The artificially-engendered revival of the dispute, which began in February 2010 between Argentina and the United Kingdom over the sovereignty of the Falkland Islands in the South Atlantic, has been portrayed as a posturing by embattled Argentine Pres. Cristina Fernández de Kirchner, taking advantage of both the start of exploratory oil and gas drilling by British company Desire Petroleum in the Falklands waters, and the talks by Latin American and Caribbean leaders of the Rio Group in the Mexican resort of Playa del Carmen, beginning on February 22, 2010. But the crisis may well play into the political posturing of equally embattled United Kingdom Prime Minister Gordon Brown, who faces a general election by June 2010 at the latest.

Britain’s presently governing Labour Party is as conscious — almost superstitiously so — of the fact that the 1982 Falklands War with Argentina revived the flagging fortunes of incumbent Conservative Prime Minister Margaret Thatcher, just as the US Democratic Party is fixated on the belief that Democratic Pres. Lyndon Johnson failed to win a second term in office because of being embroiled in the Vietnam War. As a result, the British Labour Party is unlikely to attempt to quell the dispute in the short term between the UK and Argentina, even though it plays strongly into the hands of Pres. Fernández de Kirchner.

The increasingly leftist bloc within Latin America, prompted and often financed by Venezuelan Pres. Hugo Chávez Frias, obliged Pres. Fernández on February 22, 2010, in Mexico by endorsing her attacks on the UK position and the assertion of Argentine sovereignty over the Falklands. It is clear, however, that Argentina’s population and Armed Forces are in no position to resume any form of military conflict with the United Kingdom over the Falklands, even though British forces are themselves stretched by engagement in Afghanistan.

In many senses, though, this represents a possible “win-win” approach for Venezuelan Pres.

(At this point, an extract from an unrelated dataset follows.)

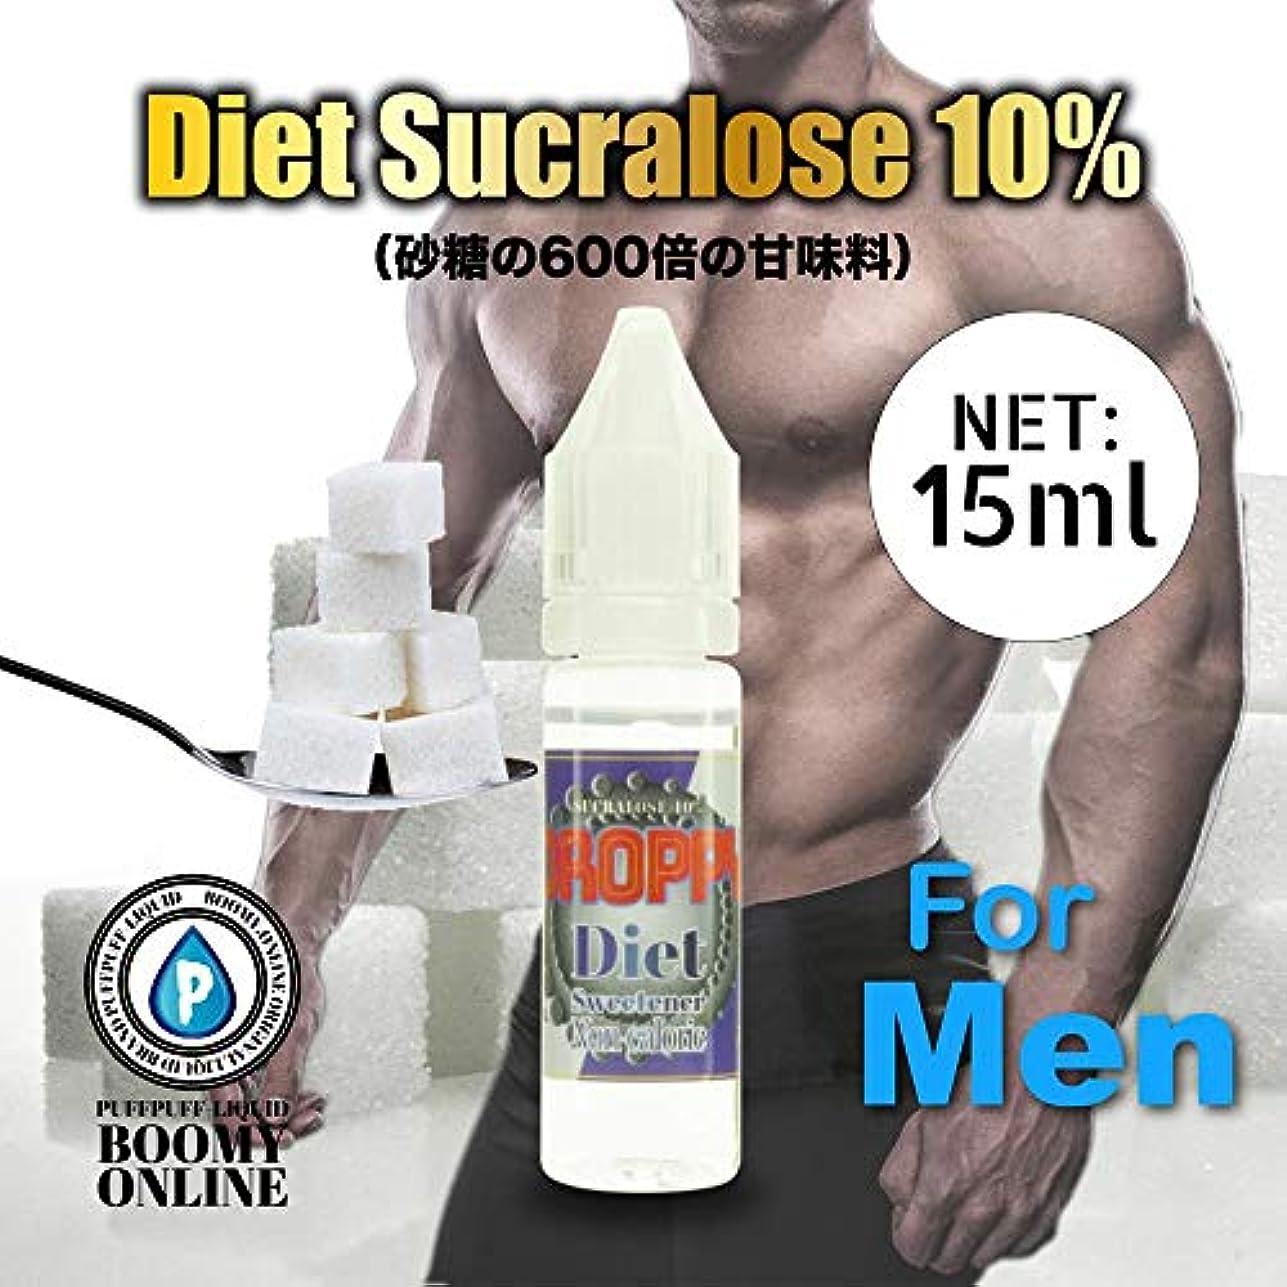 補充プロテスタント二週間【BooMY-Original ダイエット スクラロース】〓PuffPuff-Liquid〓(1滴で砂糖約ティースプーン1杯の甘さ) DROPPY-0cal Diet For Men(ドロッピーダイエットスクラロース10%...

Chávez, who is integrated strategically with his two principal allies, Iran and Russia, and, to a degree, the People’s Republic of China (PRC), in that any threat to the Falkands could bring about a redeployment of UK forces out of Afghanistan and into the Falklands. This, too, could assist in the re-election of Gordon Brown’s Labour Government in the UK, which would be preferable to Chávez as well as to Iran and Russia than the election of a Conservative Government in the UK.

As well, the episode strengthens the Rio Group, which is consolidating at the expense of the Organization of American States (OAS) and the US’ now almost moribund Monroe Doctrine.

As a result, the entire “storm in a South Atlantic tea-cup” will neither result in renewed conflict between Argentina and the UK in the near future, but will further the political positions of Pres. Chávez, Pres. Fernández, Prime Minister Brown, and the strategic positions of the PRC, Iran, and Russia - all three of which have commercial-strategic as well as geopolitical interests in South America, if only to minimize or contain US influence.